Senators Udall, Bennett endorse Clark land exchange proposal

Planning for a future without “man camps”

After offering up a 960-acre, family-owned in-holding in the middle of the Fossil Ridge Recreation Area for trade to the federal government, longtime Gunnison resident Butch Clark knew he was in for a wait.

 

 

He hasn’t been disappointed. But a letter from Senators Michael Bennett and Mark Udall asking that Congress include the Fossil Ridge Parcel in the Forest Service’s acquisitions budget for 2013 has given Clark a reason to hope that wheels are turning.
The senators’ letter to the Secretary of Agriculture named three projects around the state for Federal Land and Water Conservation Fund money, including Clark’s big-picture plan to make room for affordable, temporary housing in the county. When he donated the land to the Gunnison Valley Housing Foundation last year, Clark was making a suggestion that couldn’t be ignored. He was also planning for the future.
“We are very fond of the property and we want it to be preserved as it is for generations. And we also know that in rural western communities, finding space to build affordable housing can be a problem and we think both concerns can be addressed with this arrangement,” Clark says.
The arrangement has grown more complicated over time. What started as a plan to trade the federal government one piece of land for another has turned into an unsurprising discussion about value, need and location.
The senators’ letter could put the Fossil Ridge Parcel on the Forest Service’s radar, but Housing Authority director KT Gazunis admits, “These things can take years and if it weren’t funded [in 2013], it would be put in the queue.”
Gazunis said the Gunnison Valley Housing Foundation (GVHF), which was created to guide Clark’s land through the federal process, has gotten board approval to sell pieces of the Fossil Ridge Parcel when the opportunity arises, instead of waiting for a single transaction.
That could happen, hypothetically, if someone, somewhere wanted to buy a piece of Forest Service land.

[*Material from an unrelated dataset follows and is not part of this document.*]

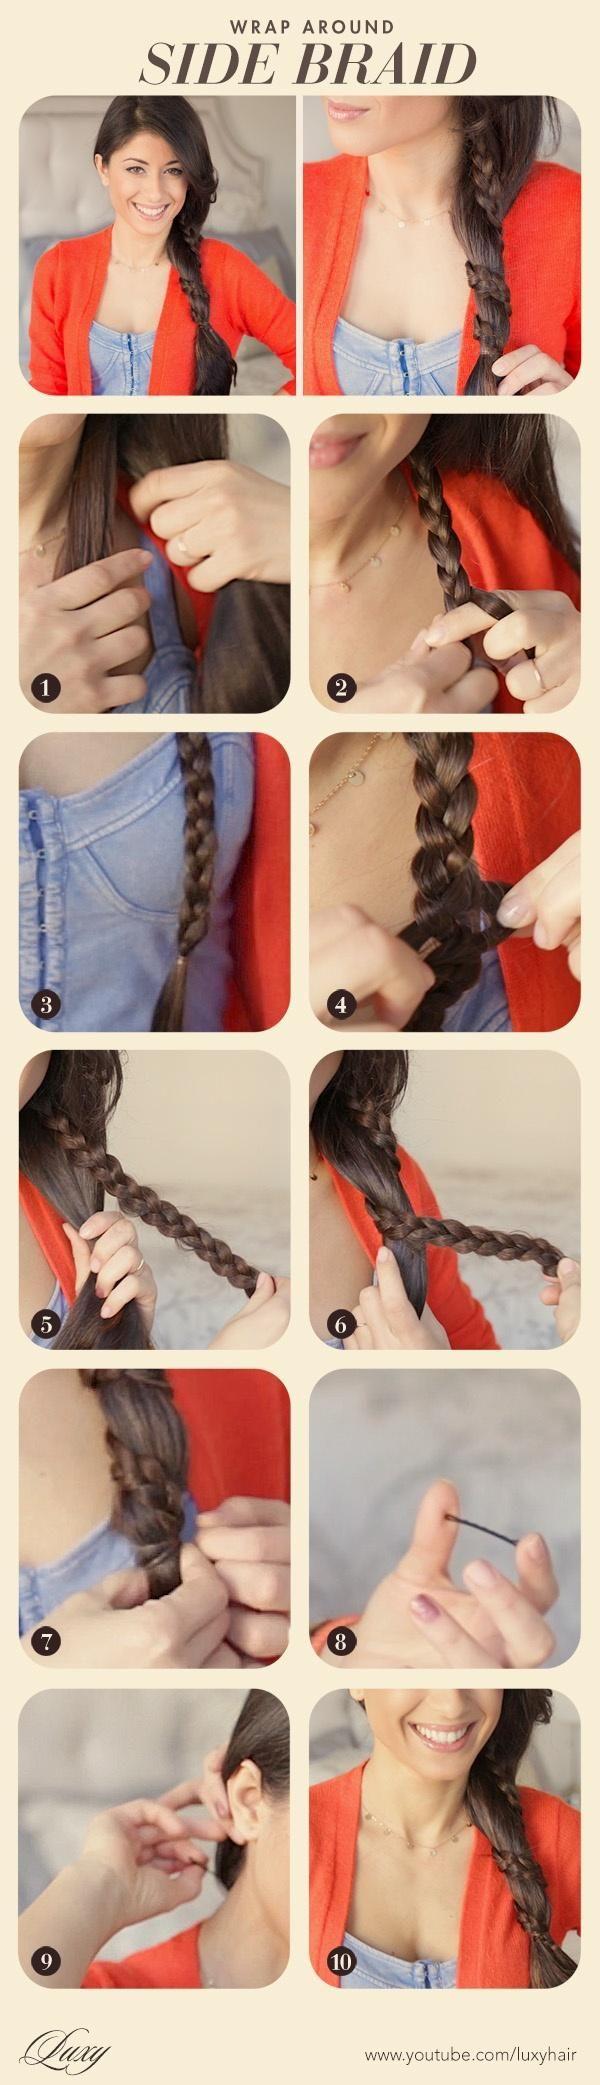 Diy braid saifou images wanna try it pinterest funky braids

In that case, the buyer could purchase a bit of the Fossil Ridge Parcel from the Trust for Public Lands, which is holding the title for the land in receivership for GVHF, which could then trade the purchase property for the Forest Service land that got the process started.
Clark says, “I was pushing to trade acre for acre for affordable housing but the Forest Service has to trade value for value.” That policy led to the collapse of a (past) deal that included an abandoned, privately owned mine near Powderhorn, he said. “They feel the acreage in Lost Canyon is worth a lot more than messed-up forestland. So [a trade] could end up being more than acre for acre.”
Gazunis added, “When we started it was to trade and now we’re willing to do a combination of sale and trade. Or we may end up selling everything instead.”
But the impending listing under the Endangered Species Act of the Gunnison sage grouse could also have an impact on any future federal land deals. A survey of the property is already under way to determine what resources are there, from wetlands to wildlife habitats. Gazunis said the survey would “strengthen our representation of the value of the property.”
The slow start to the land exchange is also helping the GVHF plan for what it would like to see done with the property, which is surrounded by public lands popular with cross-country skiers. According to Gazunis, the public benefit of having the land, with its historic cabin, open for that use is something the GVHF board would like to see maintained with a 15-acre cutout that would remain open as a “Nordic recreation area.”
On the land acquired in the trade, Clark envisions a community made to replace the “man camps” that historically sprung up with big industrial operations across the west. His vision includes temporary, and affordable, housing that will be mobile and easy to remove when the project is complete. To make the community livable and more sustainable, Clark would like to see his land traded for something near a population center and public transportation.
And the future Clark has envisioned seems to get closer every day. He says there are a number of projects coming through the county that could draw in a workforce large enough to require a town away from town.
With the molybdenum mine on Mt. Emmons on the back burner, Clark says, rare earth mines being considered near Powderhorn and geothermal development near Tomichi Dome could still bring a need for additional housing to the county.
But it is the first grumblings of a molybdenum mine being developed near White Pine that has piqued Clark’s interest the most.
“The mining that’s being proposed above White Pine, at the scale that’s been talked about at 60,000 tons [of ore] per day, is twice the size of AMAX at its biggest,” he said, referring to the Climax Molybdenum Company operation near Leadville. “AMAX was working about 8,000 people per day.”
With the potential for an operation that size possibly coming to Gunnison County, Clark hopes the land exchange will move forward sooner rather than later.
“The process has slowed, but it isn’t exactly stuck and that’s why I appreciate the senators pushing it forward,” Clark says, “because it takes a lot longer for communities to get their act together and cope with the operations than it does for those operations to move in.”